What's On Your Network?

← Back to Stories (view on slashdot.org)

Posted by Zonk on Sunday July 17, 2005 @05:44AM from the sneaky-goings-on dept.

An anonymous reader writes "According to a Whitedust article you may currently have more on your network than you think you do. The article claims that not much security attention is generally given to one of the most elusive aspects of computer security; that of physical connectivity." From the article: "Broadcast traffic is on the rise, with more suspicious user activity in the logs every day. Then one morning you get a call from your irate boss wanting to know why he no longer has a network connection, yet the employees - or students or whoever - down the hall are able to play games and visit porn sites, at blazing speeds no less."

3 of 188 comments (clear)

Min score:

Reason:

Sort:

Re:Maybe this is just me... by Homology · 2005-07-17 06:01 · Score: 4, Informative

but isn't this the sort of stuff that ANY network admin worth their salt should be completely aware of? If they need to be told this stuff they are not (IMHO) worth employing as other than apprentice network engineers. Or is this level of admin common in Windows environments?
Sure, where the employer can pay for it you'll have very good administrators, be it Windows or not. On most smaller sites, the administrator is not a full-time administrator, and is doing administration ad-hoc to his real job. This usually means that he does not have much training in this, nor much time for it either. Now, with all these (useful) Plug-and-Play devices you are bound to have some problems.
Tight Network by tburt11 · 2005-07-17 06:04 · Score: 4, Informative

I maintain a relatively small network of about 50 workstations and about two dozen other devices.
I distribute IP's thru DHCP, and I maintain an ACL via IPTABLES on my Linux router. DHCP distributes IP's based on MAC accress, and I do allow unknown MAC's to get an IP.

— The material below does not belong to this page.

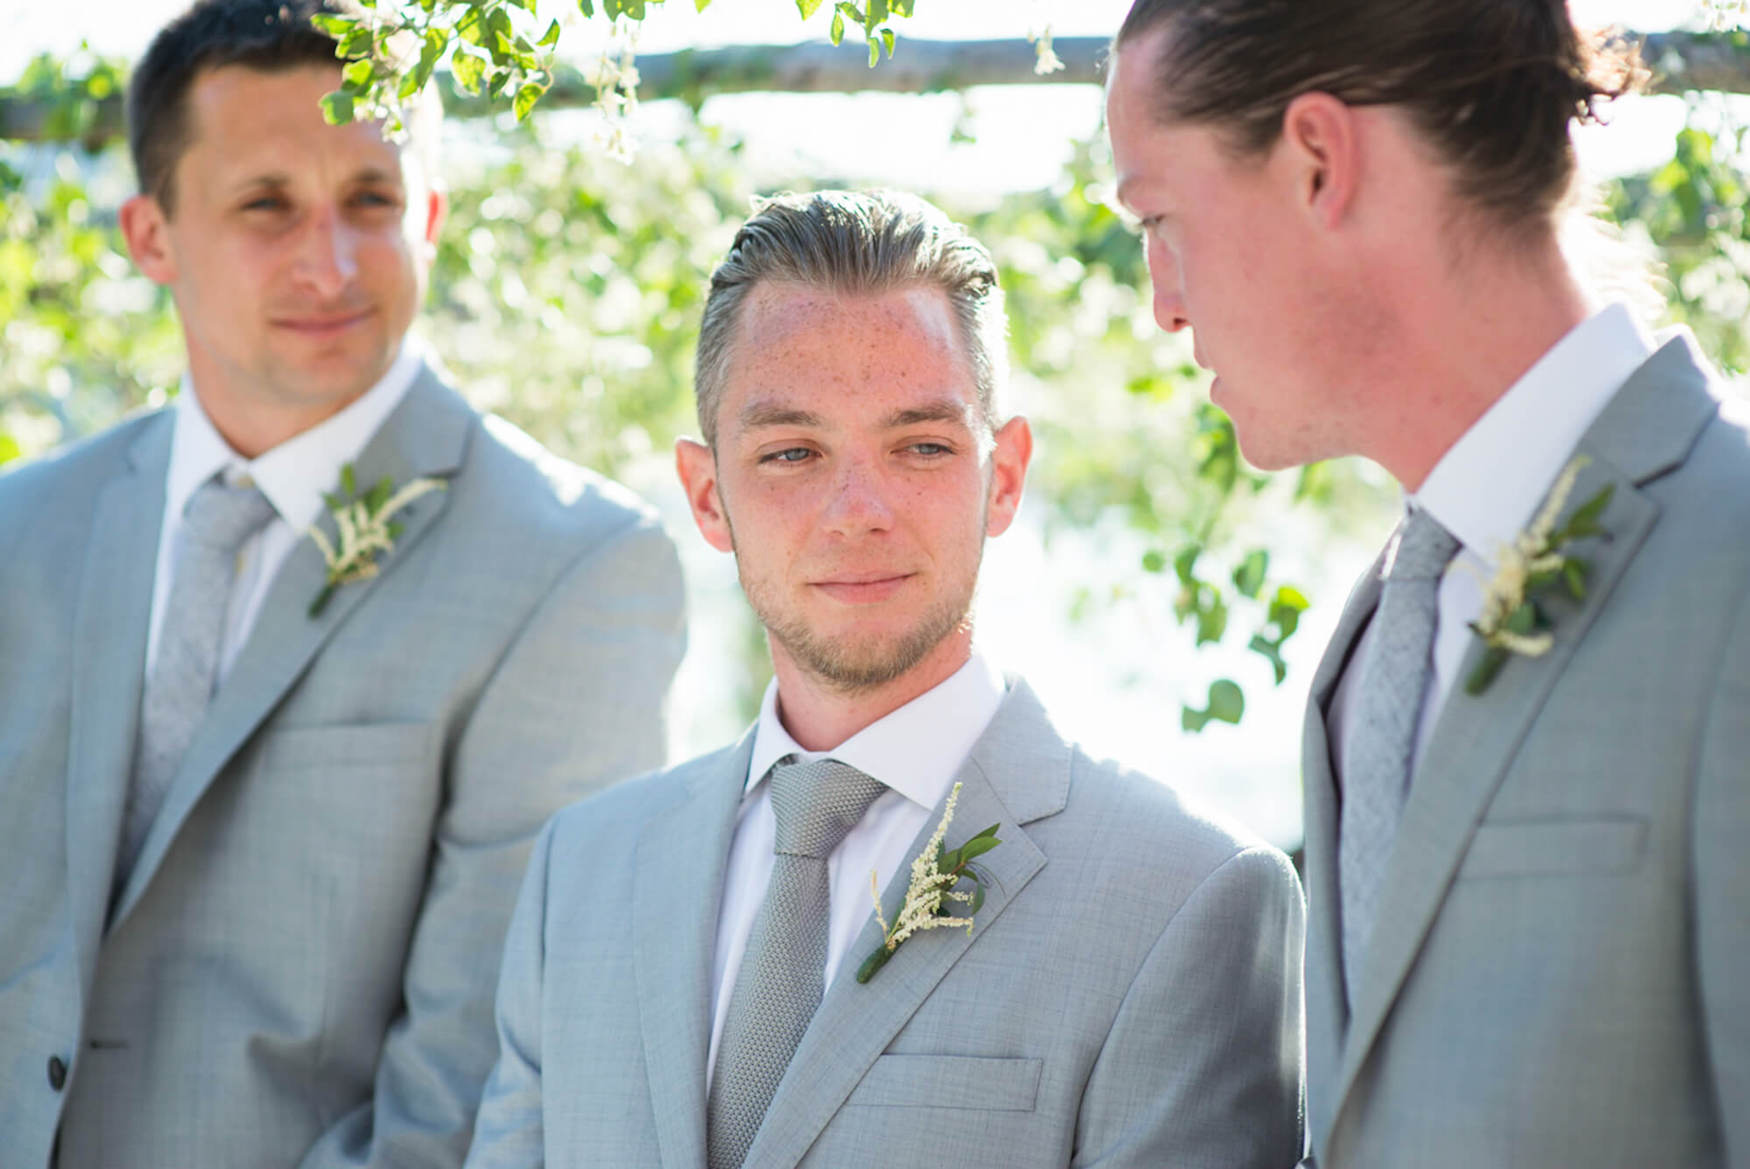 groom waiting beach wedding seaside happy laughter elements benirras amanda wakeley
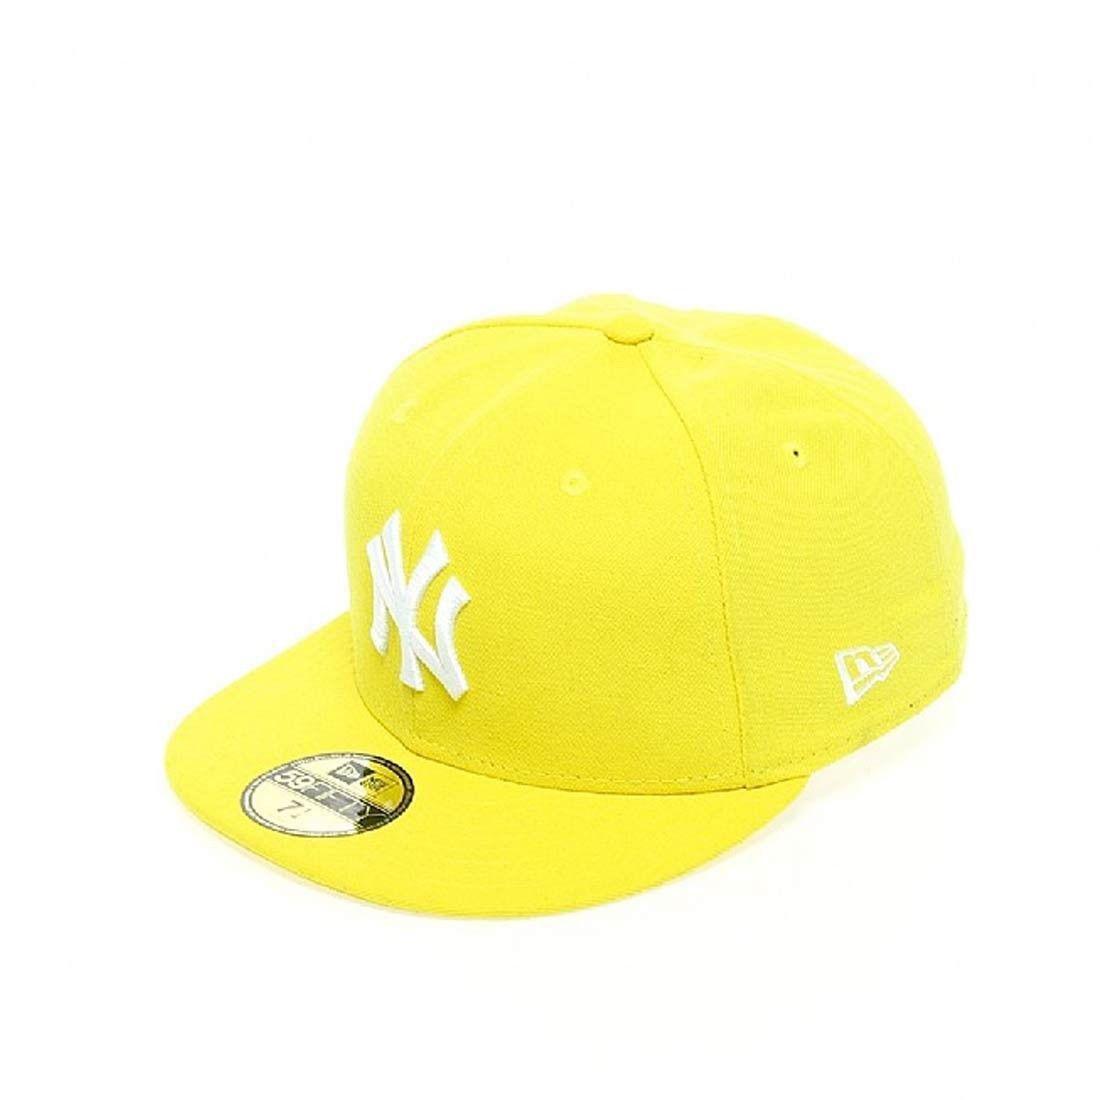 Gorra Cap New Era MLB Basic NY Yankees 59FIFTY  beaeece90d9

The trick is, that any IP that I did not setup in DHCP, is blocked via the ACL to all Internet Access.

Invariably, I get some VP/EXEC/VIP, call me and ask why his visiting sales rep cannot access his email. I walk into the office and the fellow has jacked into my network.

My reply is Sorry.. You can use our WLAN for internet access. No jacking into the network.

The WLAN is connected outside the firewall, so whatever they do there is of no concern to me.

Yes, there are flaws in this method, but so far, it has brought every unathorized network connection to my attention...
A Simple Security Precaution by Ed+Almos · 2005-07-17 06:07 · Score: 4, Informative

Unplug unused network points.

Three months ago we had a security audit carried out by an external company. The first thing they did was find a couple of unused offices and plug their laptops into the network points. I'm glad to say that there was no result.

If you want to take this further then use managed switches and assign each port in use to a specific MAC address. That way if a 'visitor' pulls the plug on one of your computers and plugs their machine there will still be a nil result.

Ed Almos
Budapest, Hungary

--
The more corrupt the state, the more numerous the laws. - Tacitus, 56-120 A.D.